Description of the task:
When you retype the data, keep every word exactly and include none of the pictures.

Supplied material:
[Start of section]
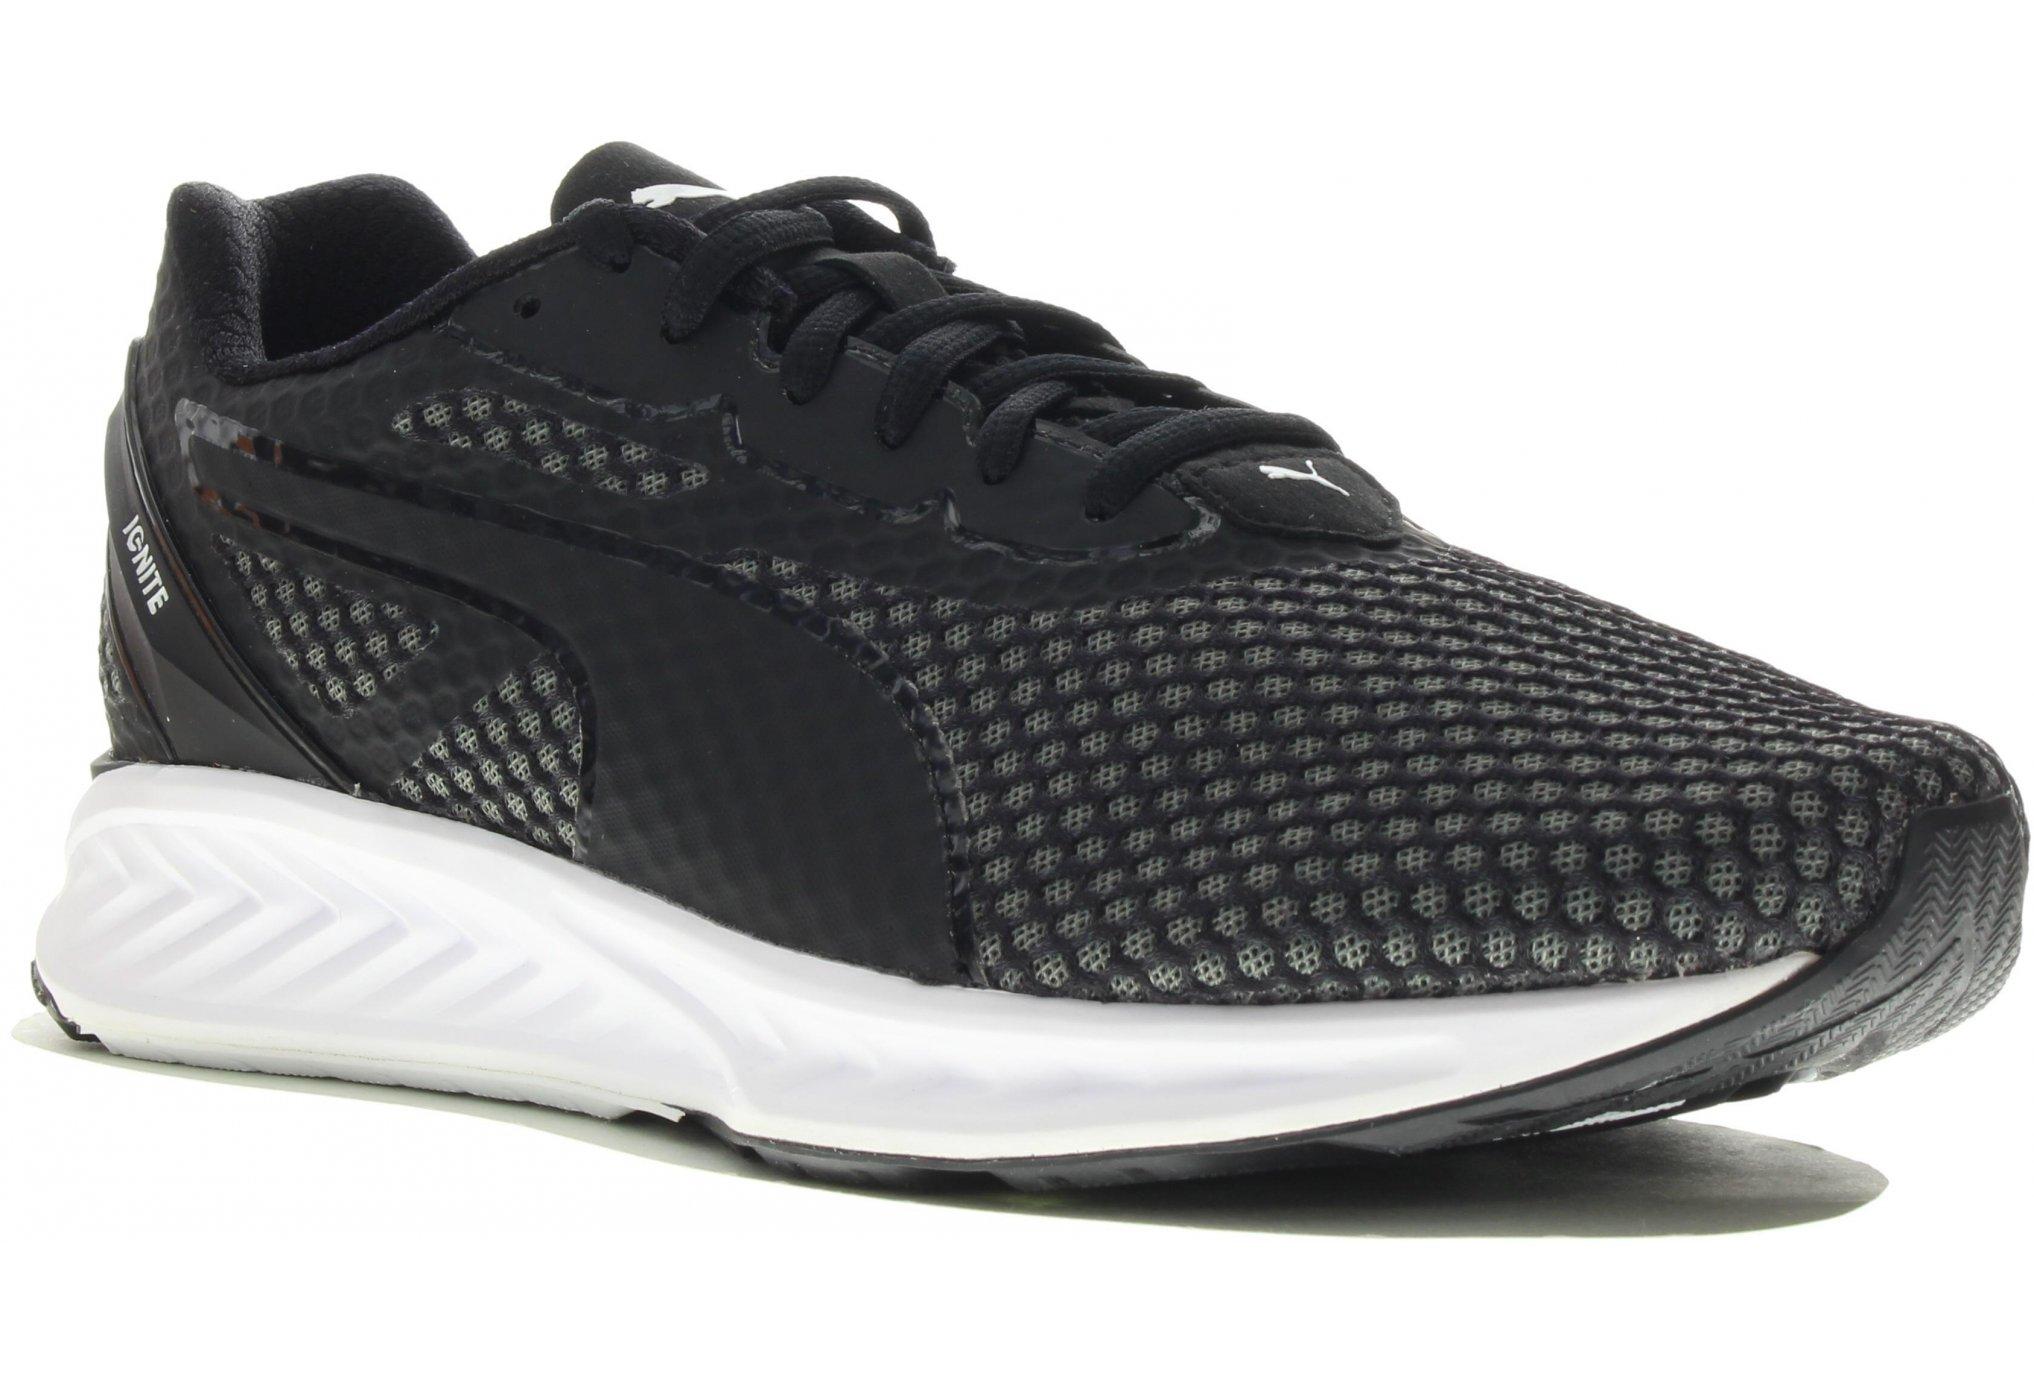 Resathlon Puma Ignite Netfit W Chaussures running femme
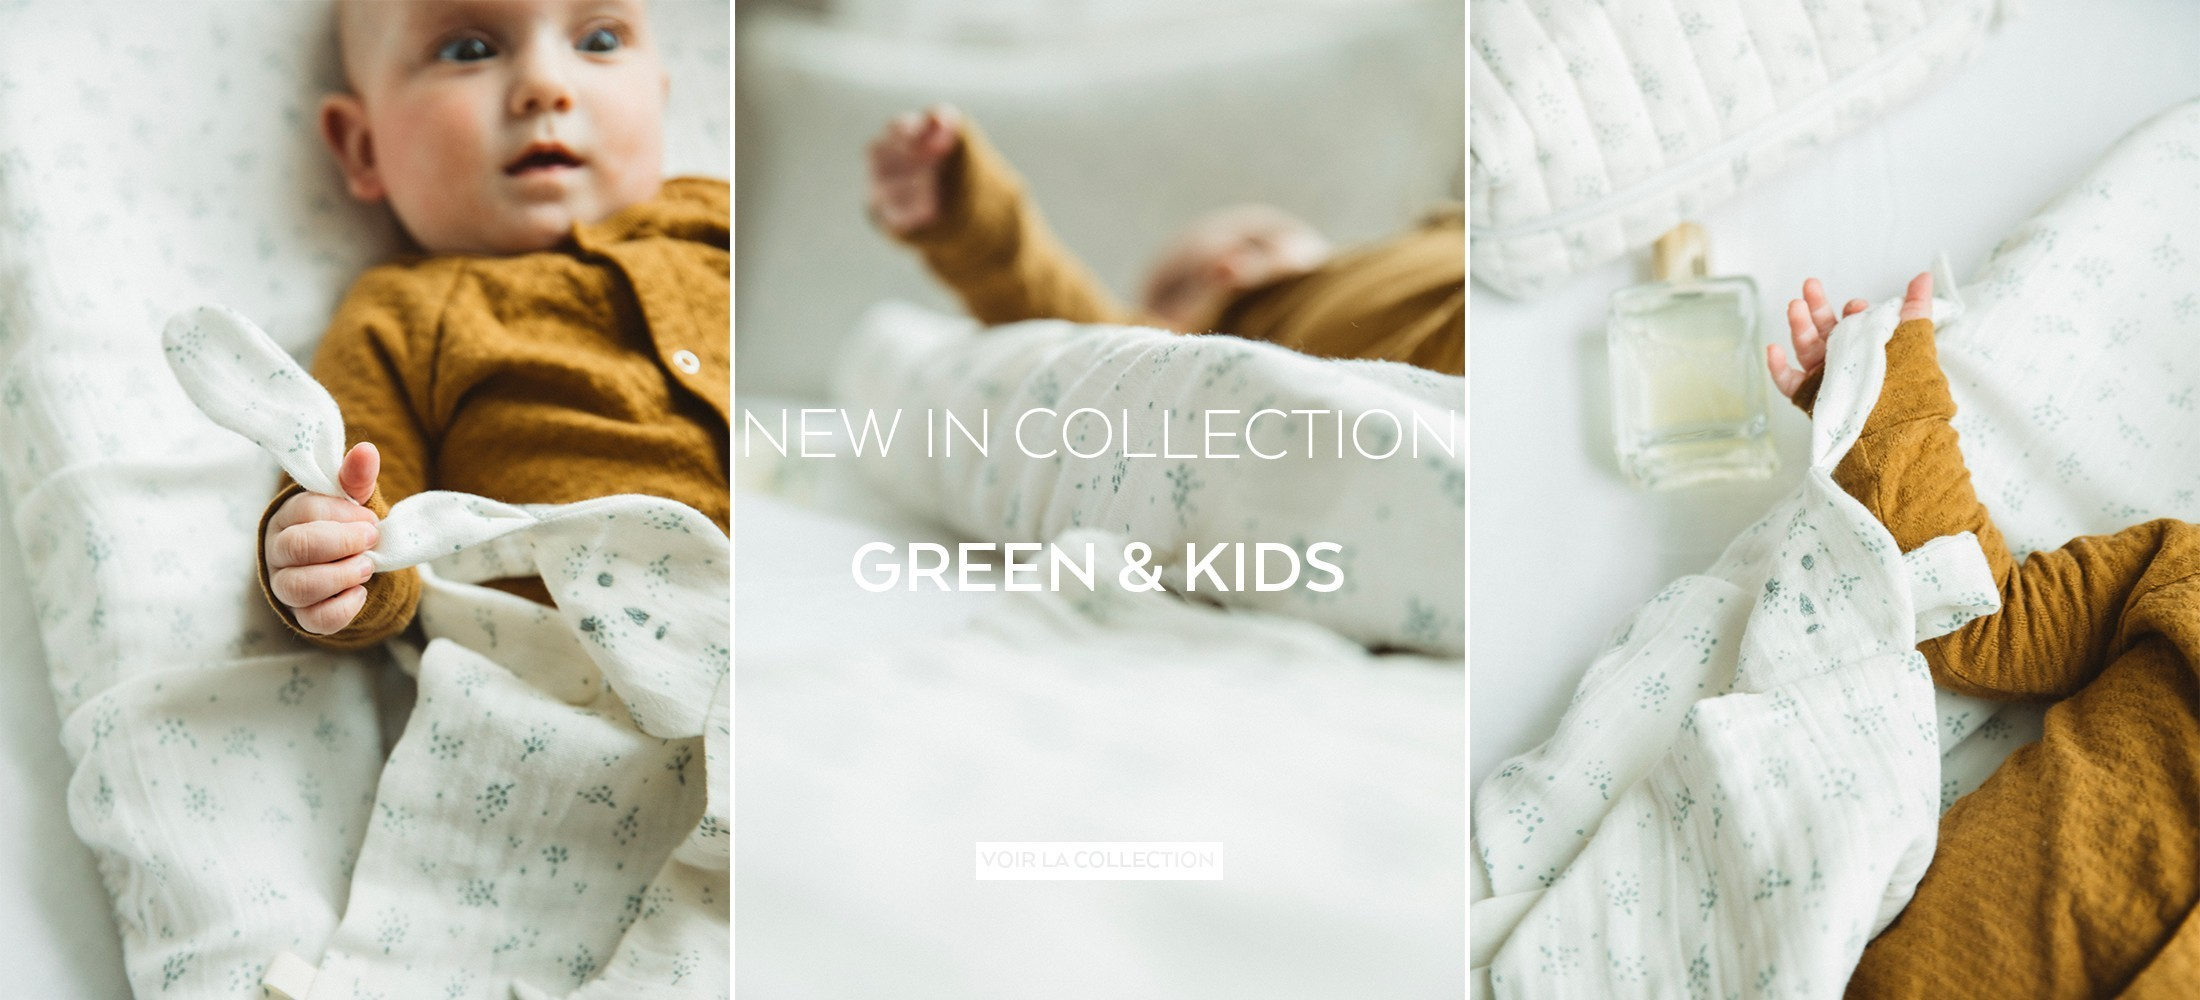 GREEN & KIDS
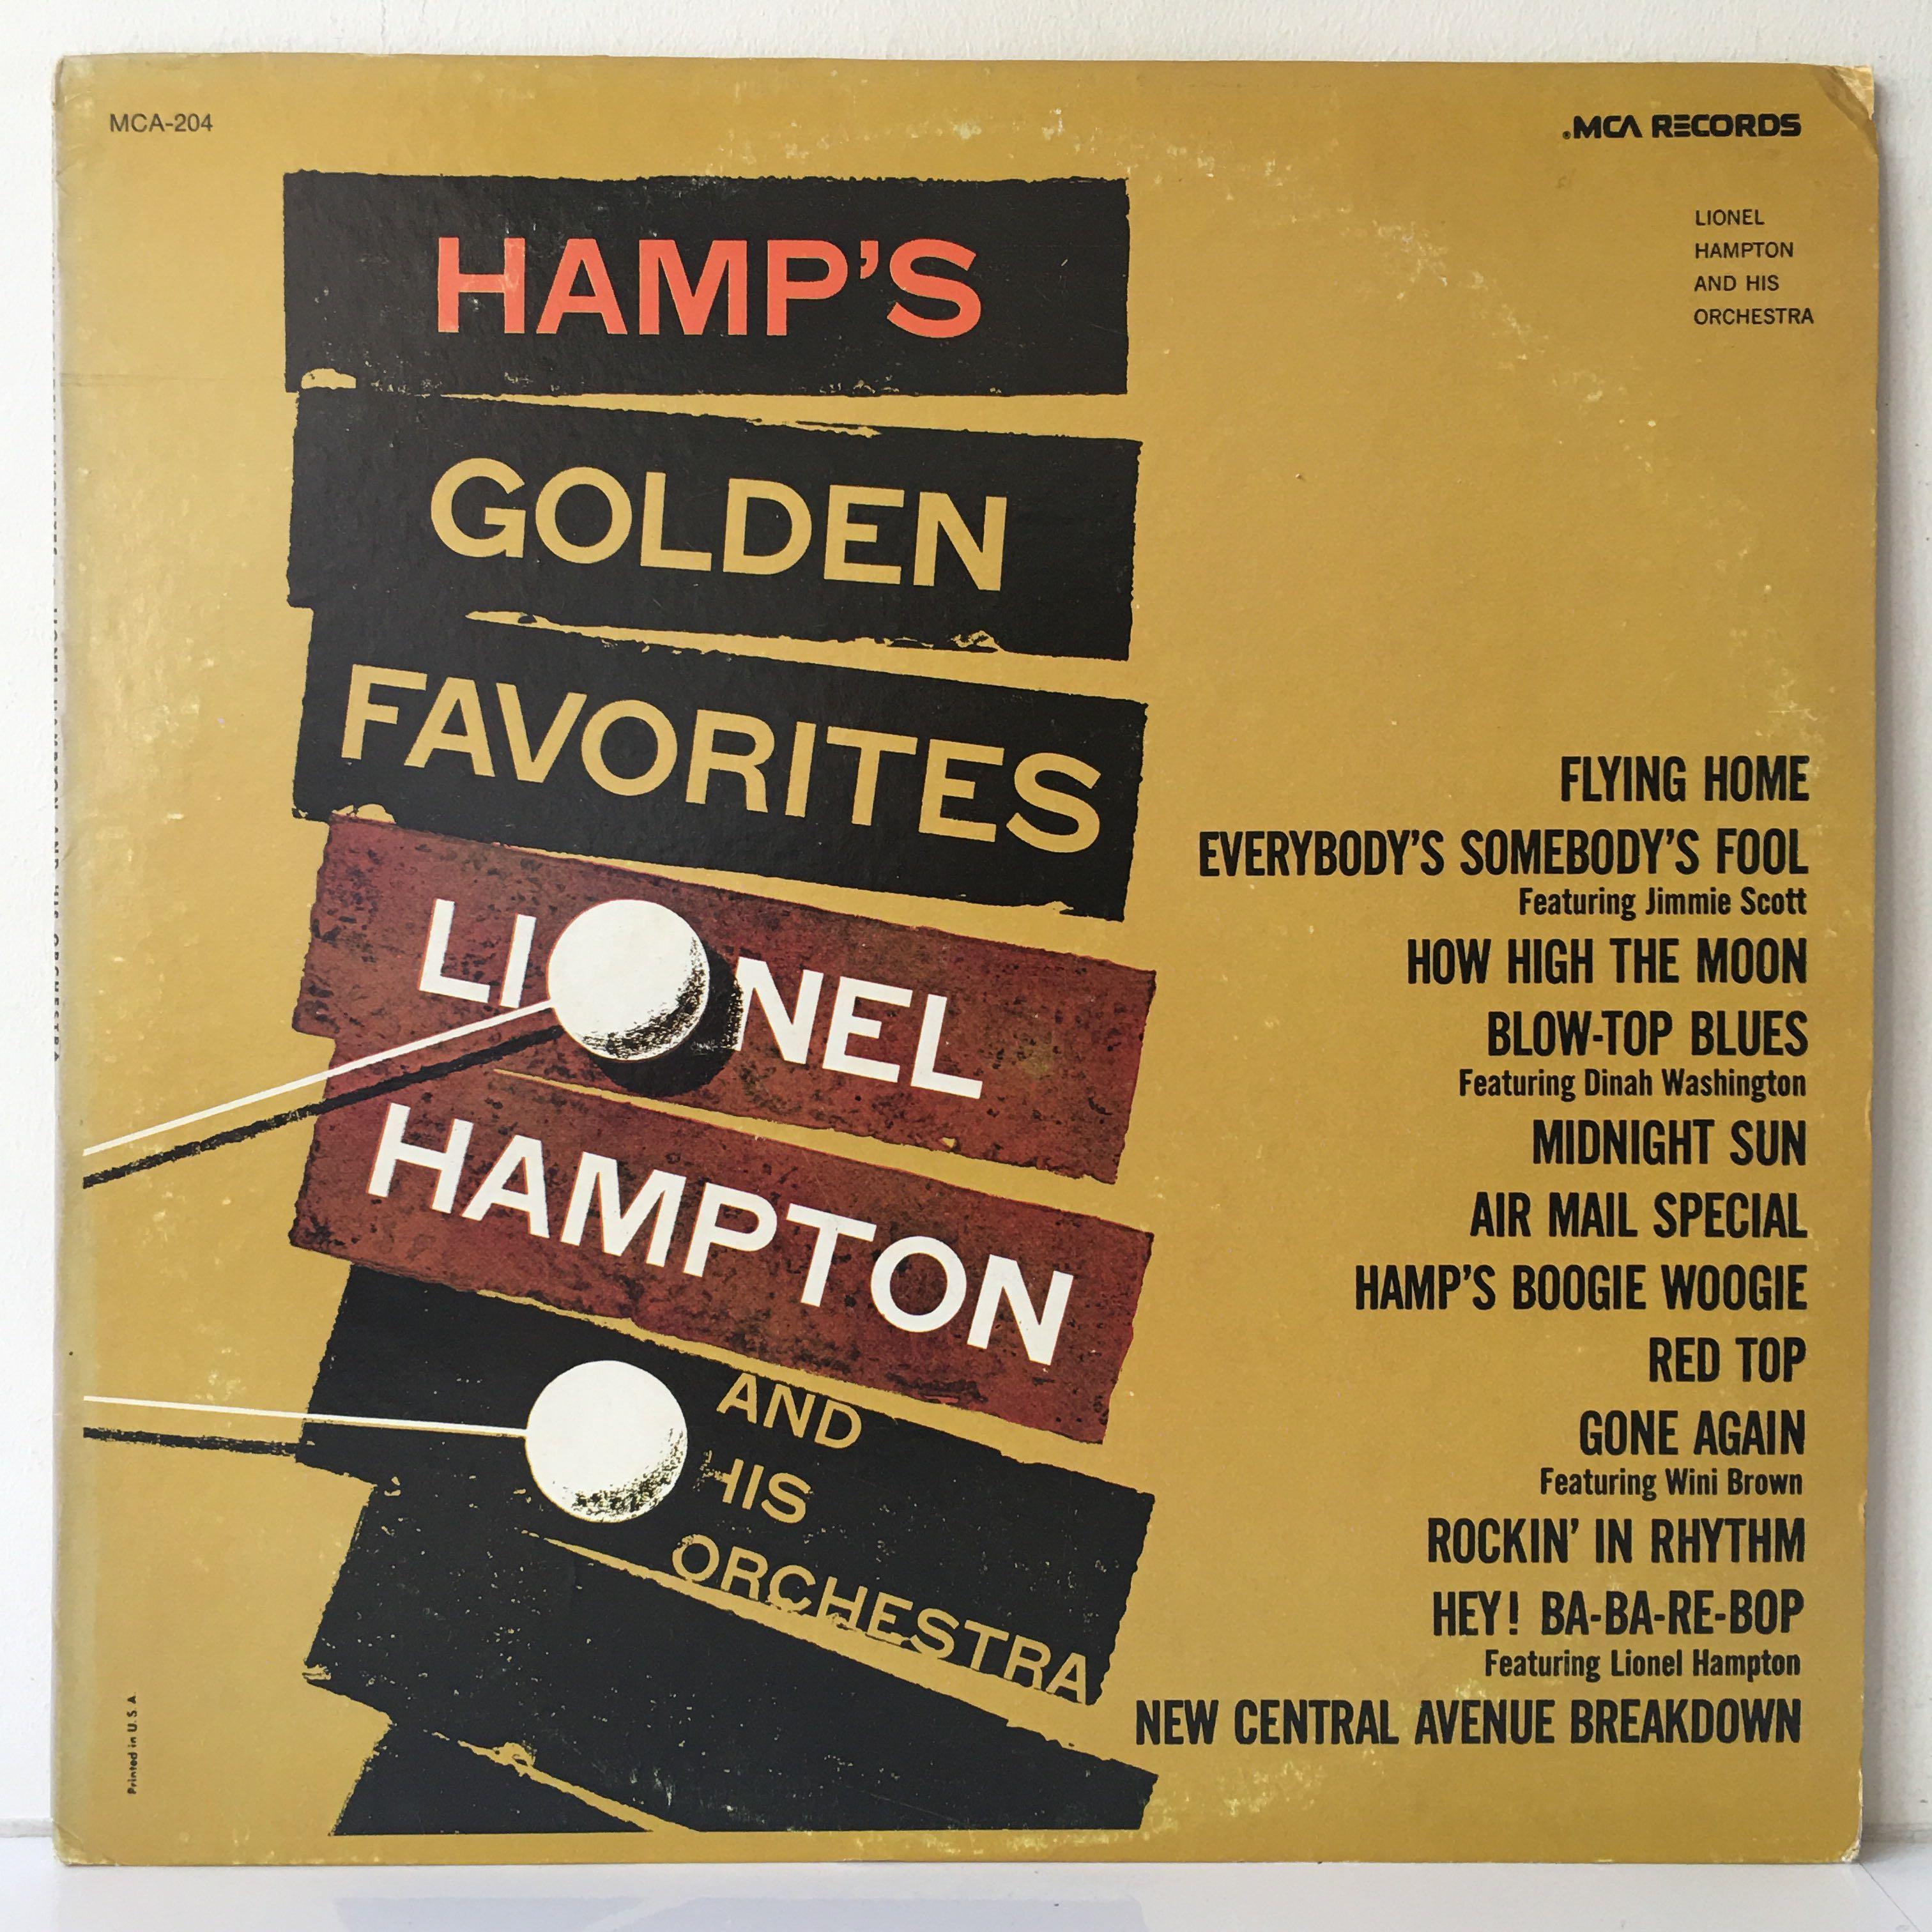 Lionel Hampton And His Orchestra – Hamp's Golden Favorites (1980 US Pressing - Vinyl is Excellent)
[End of section]
Solution below:
 Resathlon Puma Ignite Netfit W Chaussures running femme
 GREEN & KIDS
 Lionel Hampton And His Orchestra – Hamp's Golden Favorites (1980 US Pressing - Vinyl is Excellent)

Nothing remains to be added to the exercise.